As astronaut Neil Armstrong, commander of the Apollo 11 lunar mission, stepped onto the moon July 20, 1969, he uttered the famous phrase, “That’s one small step for man, one giant leap for mankind.”
Fifty-four years later, we know more about the moon than we know about any planet in our solar system (besides our own).
National Moon Day is July 20, a celebration of the space flight, lunar landing and safe return of the Apollo 11 crew. To commemorate the special occasion, here are some fascinating facts about Earth’s only natural satellite.
The moon moves away from Earth about four centimeters each year. That’s the same rate at which our fingernails grow. This is due to the gravitational effect of Earth’s tidal bulge, explains Andrealuna Pizzetti, a graduate student in the Clemson University Department of Physics and Astronomy.
The moon is kept in orbit by the gravitational force that the Earth exerts on it. But the moon also exerts a gravitational force on the Earth. This causes the movement of the Earth’s oceans to form a tidal bulge. The tidal bulge pushes the moon into a higher orbit, “like the faster, outside lanes of a test track,” according to the BBC.

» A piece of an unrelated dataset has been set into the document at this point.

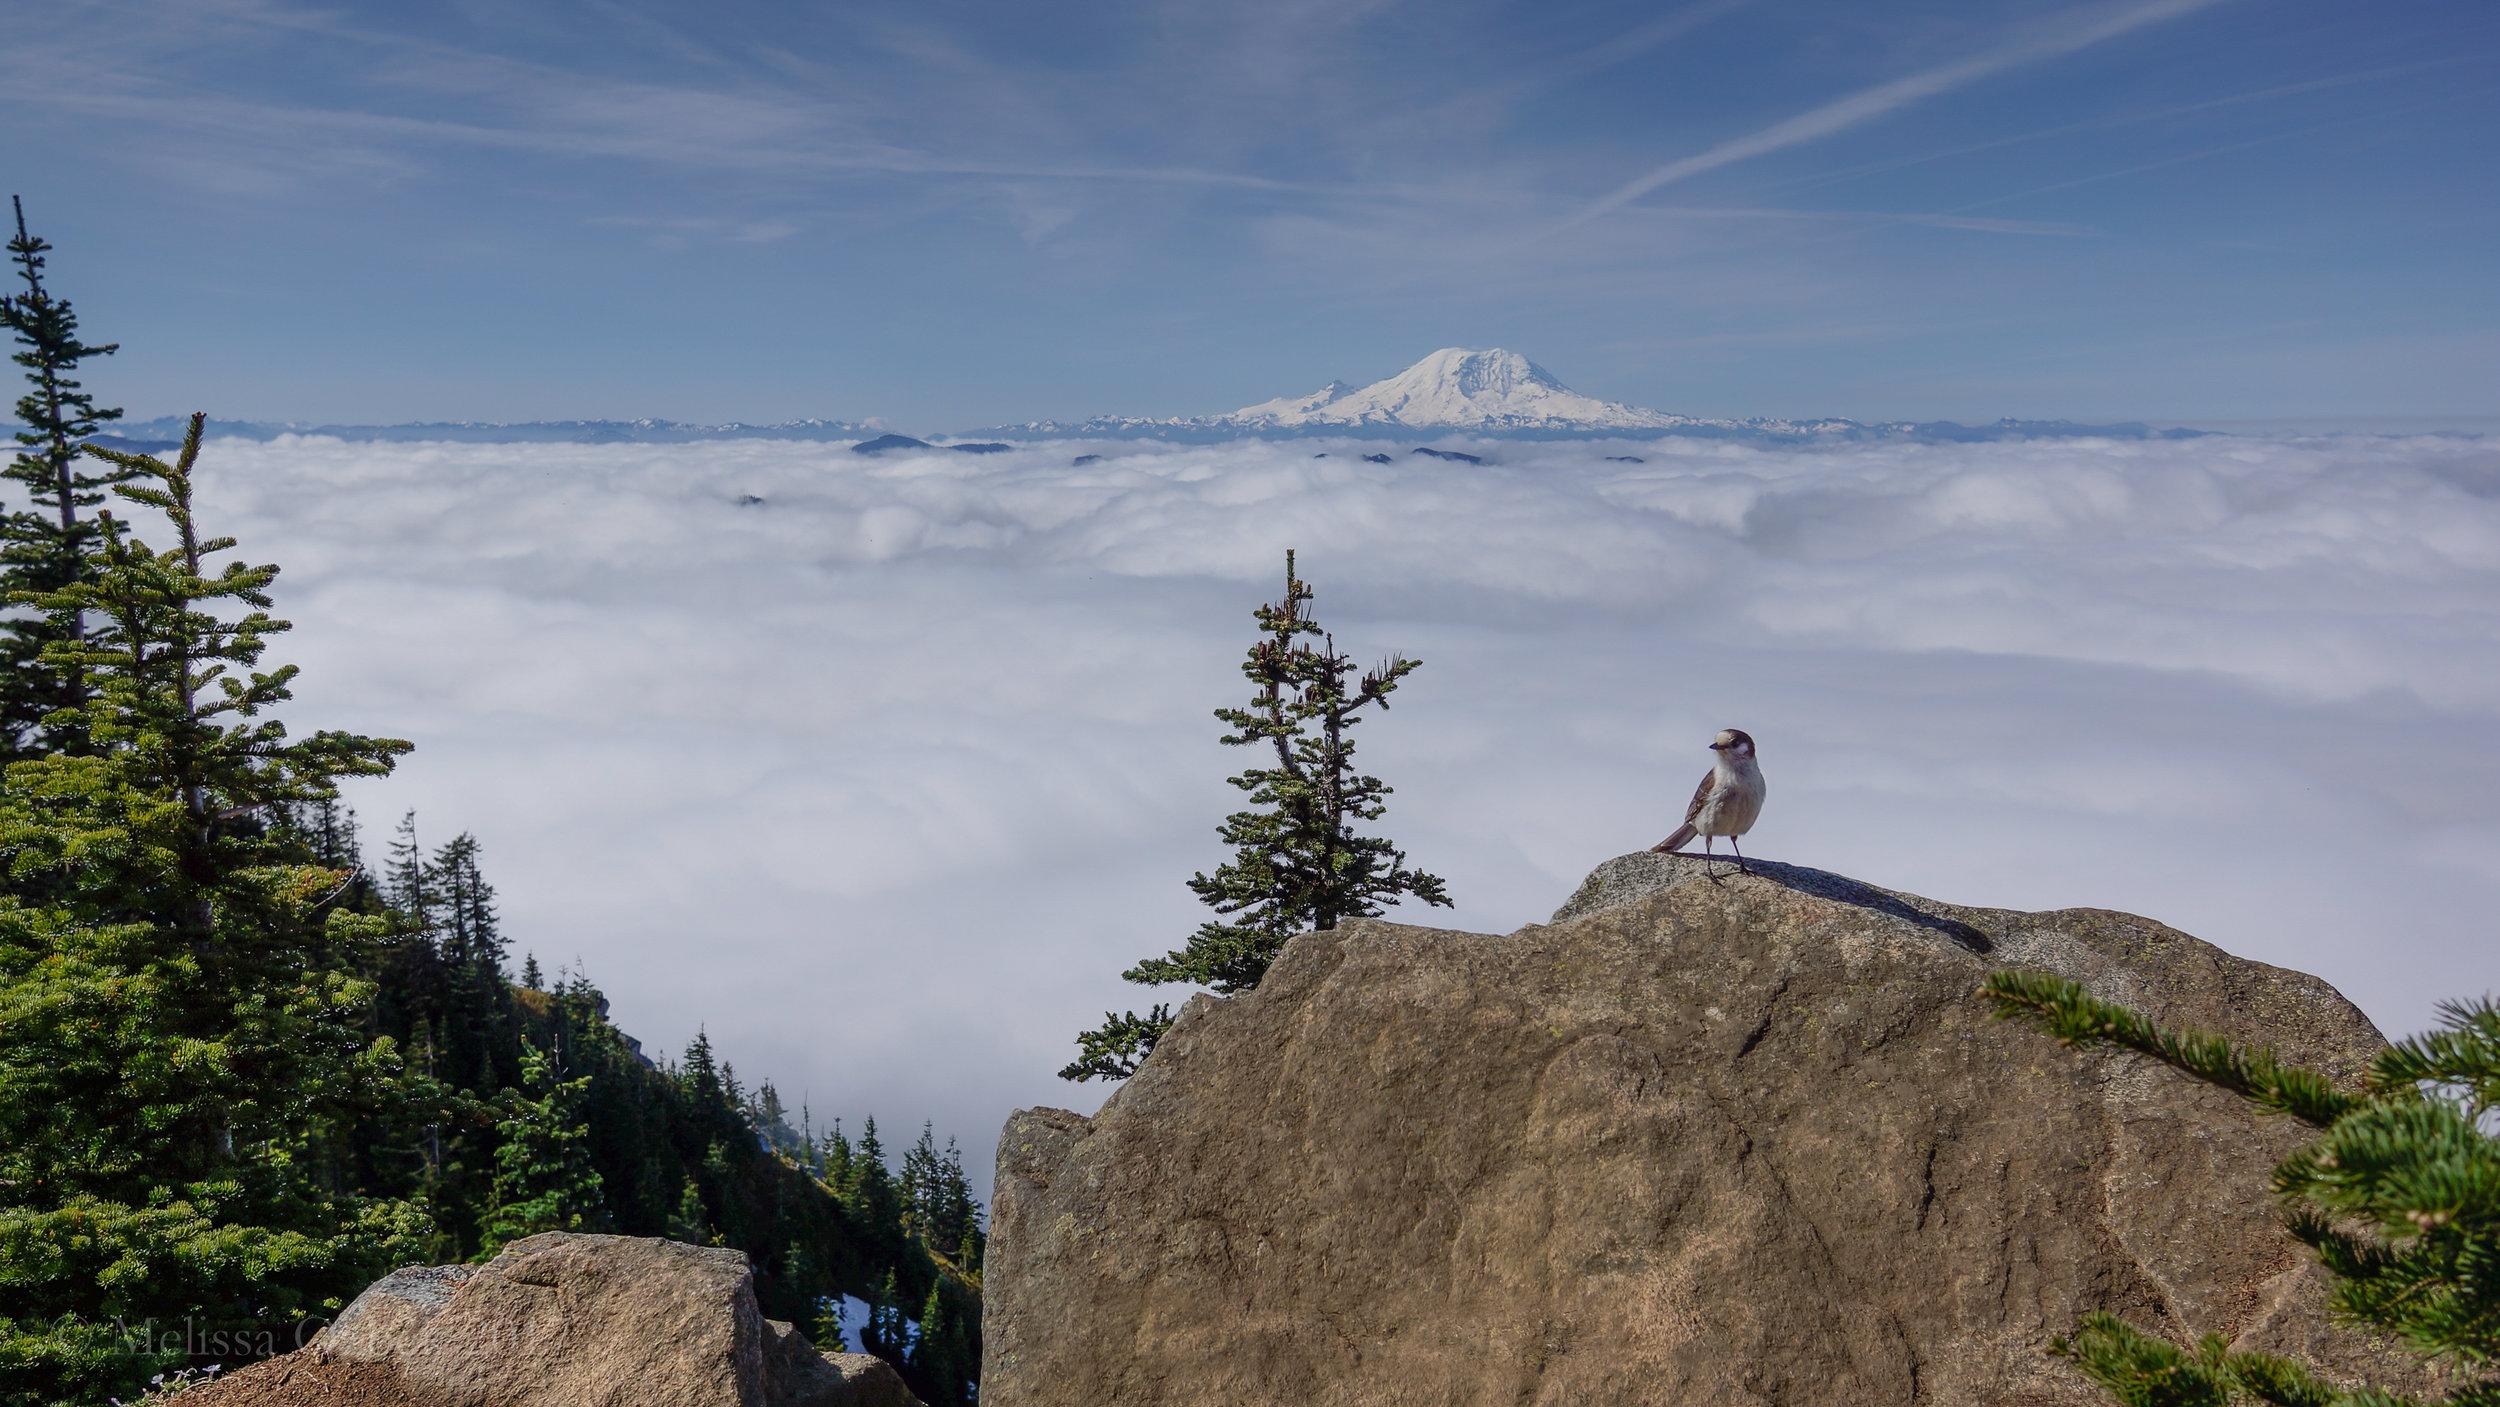 10. Bandera Mountain

The moon is less than a third of the width of Earth. NASA puts it this way: if Earth were the size of a nickel, the moon would be about as big as a coffee bean.
All the planets in our solar system can fit between Earth and the moon. “I didn’t believe it at first,” says Pizzetti, “but I took the diameter of each planet and added them.”
The average distance from Earth to the moon is 384,400 kilometers. The sum of the planets’ diameters is 380,016 kilometers.
People used to believe the moon stayed in the same position, not rotating on its axis, because the side we see from Earth is always the same. We know that the moon does, in fact, move. NASA explains that because the moon rotates around the Earth at the same speed as it rotates on its own axis, the same side of the moon constantly faces us.
Look in the mirror
During the Apollo 11, Apollo 14 and Apollo 15 lunar missions, astronauts put mirrors on the moon. Why? Scientists would aim a laser beam of light at the mirrors and measure the time it took for the light to come back. This process led to numerous discoveries, including the movement of the moon away from Earth and the distance from Earth to the moon. The mirrors are actually 2-foot wide panels studded with 100 mirrors each, according to NASA.